SAVUNMA YAPARKEN SALONU DUMAN KAPLADI
Duruşmaya tutuklu bulunduğu Sincan Cezaevi’nden SEGBİS’le bağlanan Altaylı savunmasını yaparken mahkeme salonunu yanık kokusu kapladı. Mahkeme başkanının ne olduğunu sorması üzerine bina boşluğunda kâğıt yandığı bilgisi verildi.
Bir süre sonra salonu duman kaplayınca duruşmaya 15 dakika ara verildi.
DOĞU PERİNÇEK’İ İŞARET ETTİ
Altaylı, mahkemeden adalet beklemediğini, adil bir karar çıkacağına inanmadığını söyledi. Verilen aranın ardından savunmasına devam eden Altaylı, bu davaya monte edildiğini tekrarlarken, Vatan Partisi Genel Başkanı Doğu Perinçek ve Vatan Partisi yöneticisi Nusret Senem isimlerini işaret edip, tutuklu olduğu diğer davada verilen cezanın bozulması ihtimali belirince adının bu davaya karıştırıldığını ve tutuklandığını öne sürdü.
ÇİN VE RUSYA’NIN ÇALIŞMALARINI DEŞİFRE ETTİĞİM İÇİN HEDEF OLDUM
İddianamede, “cinayete azmettirme” suçundan cezalandırılmasının talep edildiğini hatırlatan Altaylı, “İddianameye bakıldığında, ne zaman, nerede Levent Göktaş’ı azmettirdiğim anlaşılmıyor. Levent Göktaş ve Aydın Köstem’i nerede ne zaman hangi fiilim ile azmettirmişim belli değil.” ifadelerini kullandı.
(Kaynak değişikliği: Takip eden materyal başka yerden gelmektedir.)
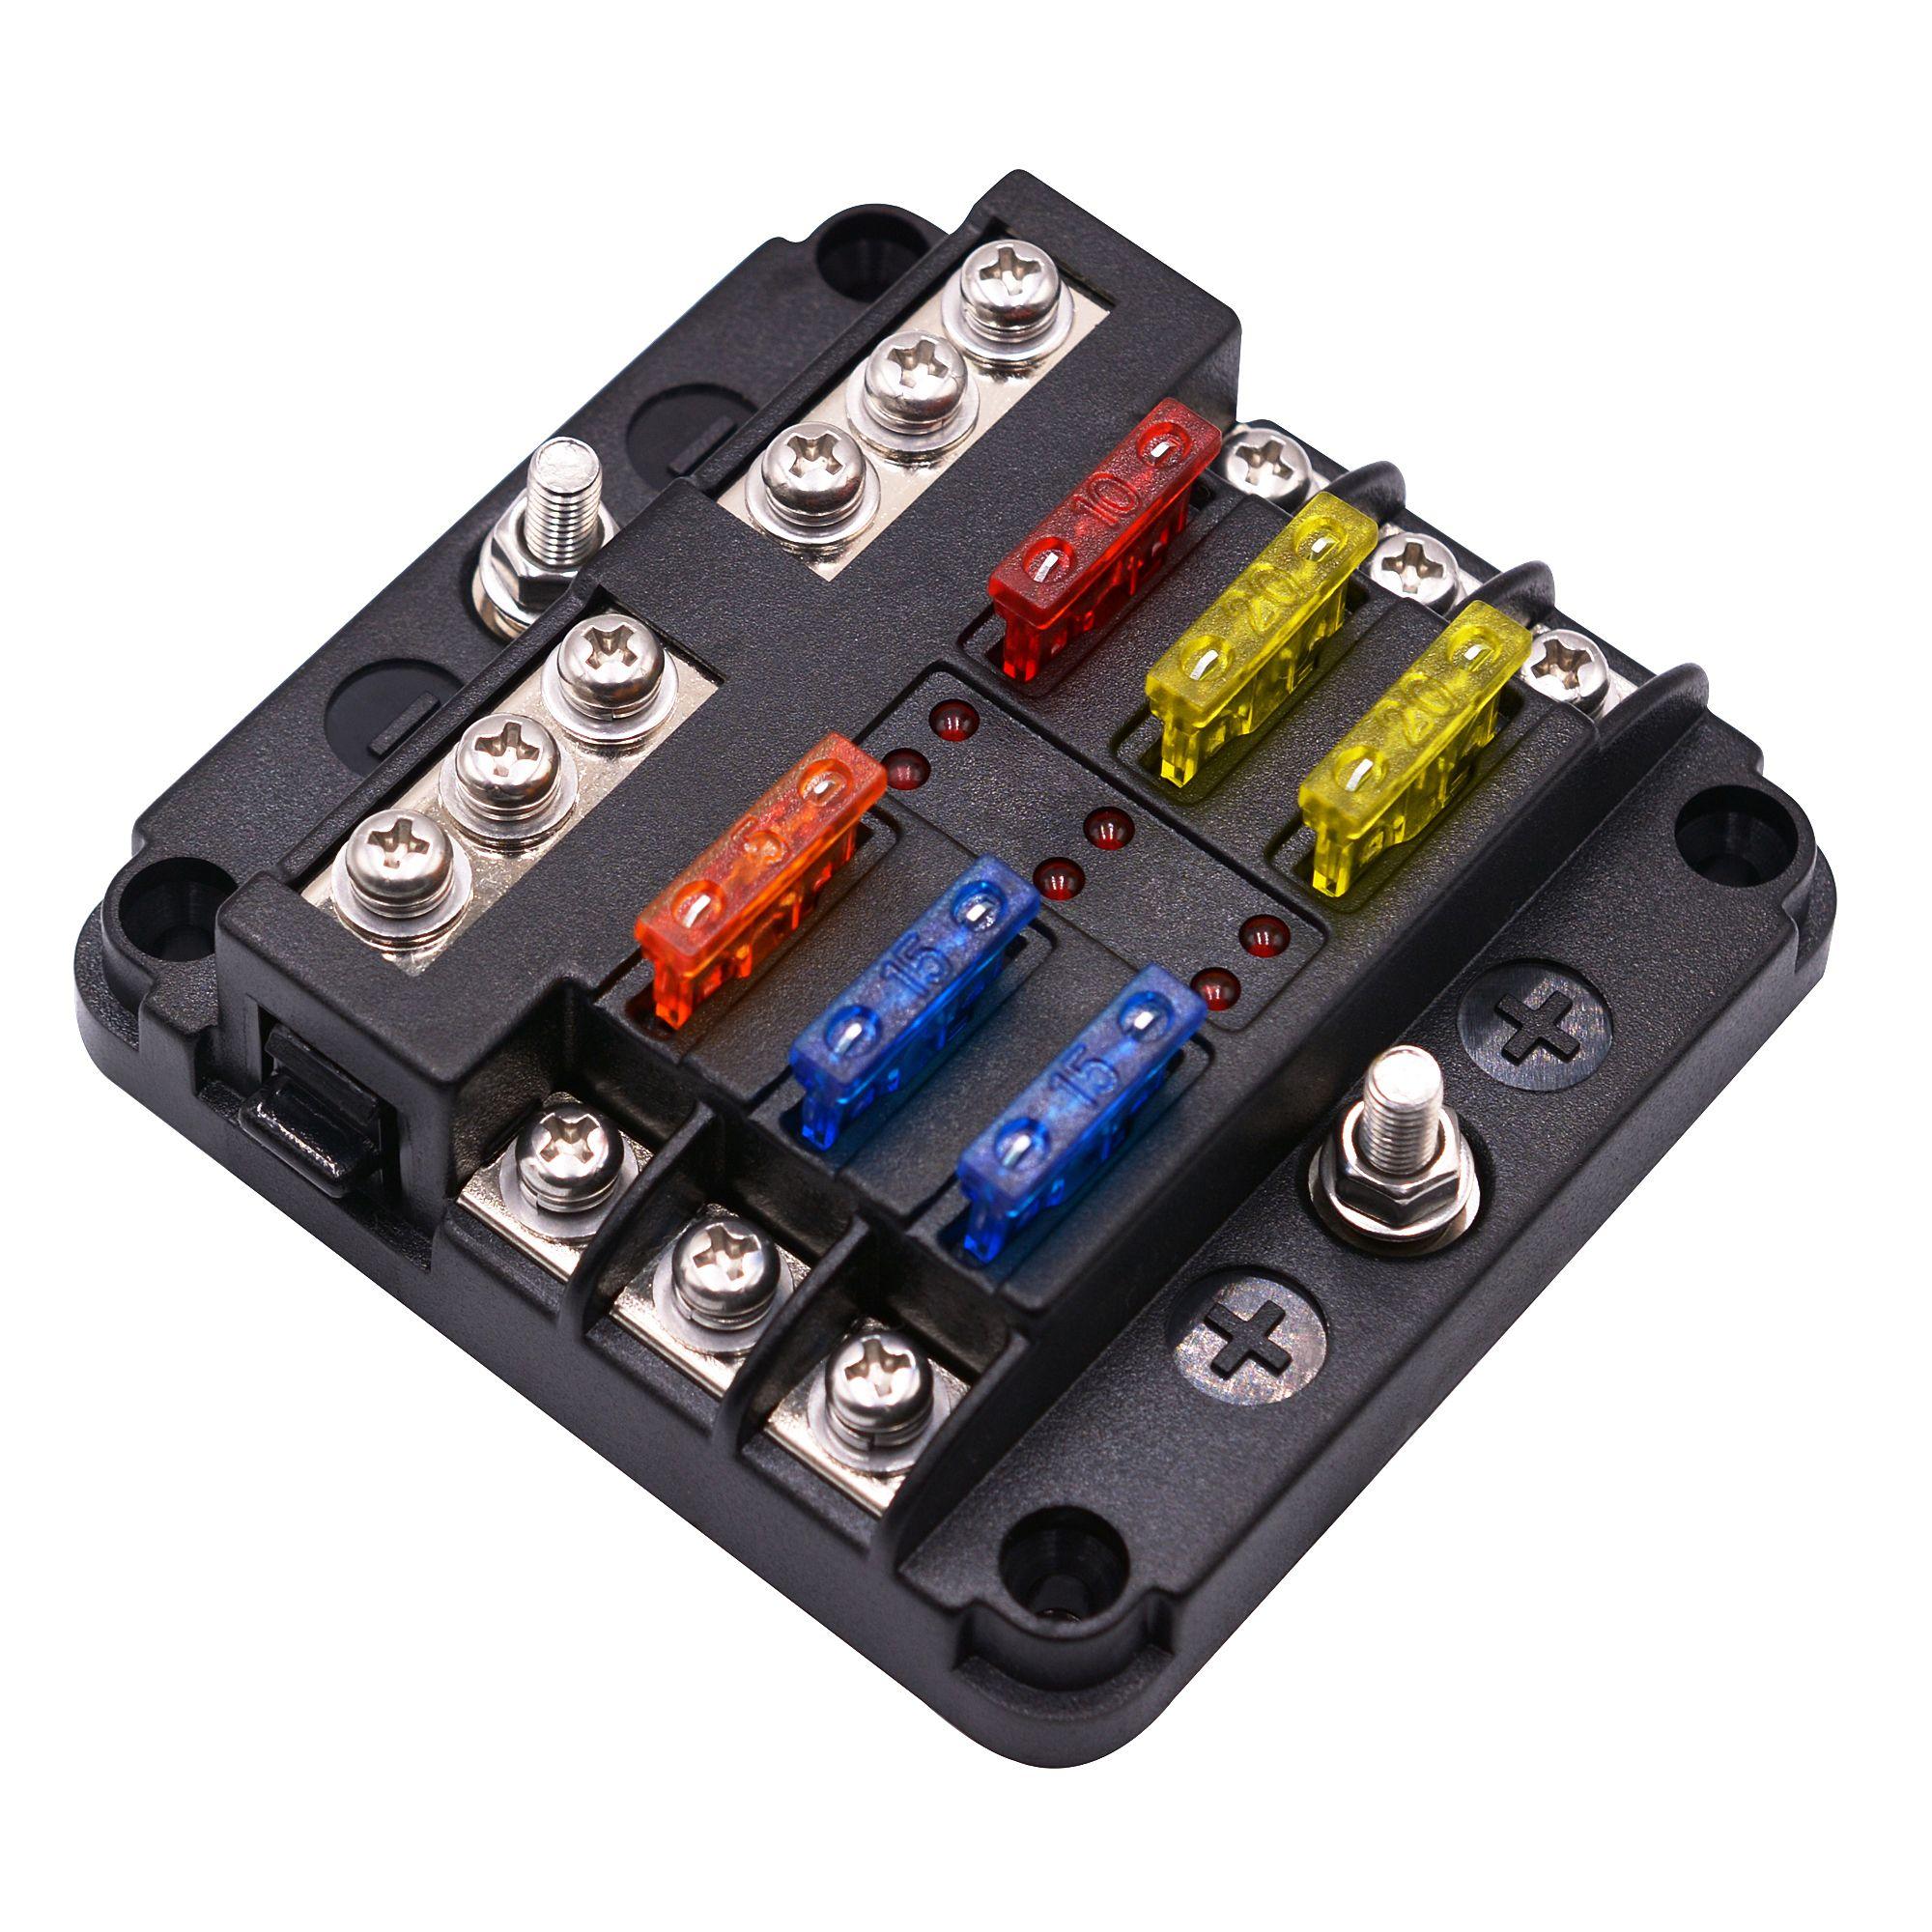 ST Blade Fuse Block مع مؤشر تحذير LED غطاء مقاوم للرطوبة - 6 دوائر مع ناقل سلبي فيوز بوكس لشاحنة RV للسيارة

Uzun yıllar Türk istihbarat birimleri içerisinde görev aldığını aktaran Altaylı, Çin ve Rus istihbarat teşkilatlarının Türkiye ve Orta Asya’daki Türk cumhuriyetleri üzerine çalışma yöntemlerini anlattı. Altaylı, Çin ve Rusya’nın Türkiye’nin Orta Asya Türk cumhuriyetleri üzerindeki etkisini kırmak için yıllarca istihbarat faaliyetinde bulunduğunu, kendisinin de bu durumu deşifre ettiği için hedef olduğunu savundu.
Sonrasında Rusya ve Çin istihbaratlarının çalışma yöntemlerini anlatan Altaylı, sözlerini şöyle sürdürdü: “Bunların fiiliyatta Türkiye’de nasıl uygulandığını biliyorum. Bilmesi gerekenler de benim bildiğimi biliyor. Bunun için MİT’te bana bir yemek verildi. Müsteşar ve yardımcıları katılacaktı. İşi çıktığı için Müsteşar gelemedi; ama yardımcılarına 3 saat bu istihbarat faaliyetlerini anlattım, Doğu Perinçek örneğini verdim. Cemaatlerle nasıl mücadele edilir, bunu konuştum. Beni kapıya kadar, boynuma sarılarak uğurladılar. Bir şey daha söyledim; ‘Arkadaşlar, 15 Temmuz’da neredeydiniz?’ diye sordum. Tabii bunlar tutanaklara geçmiştir.”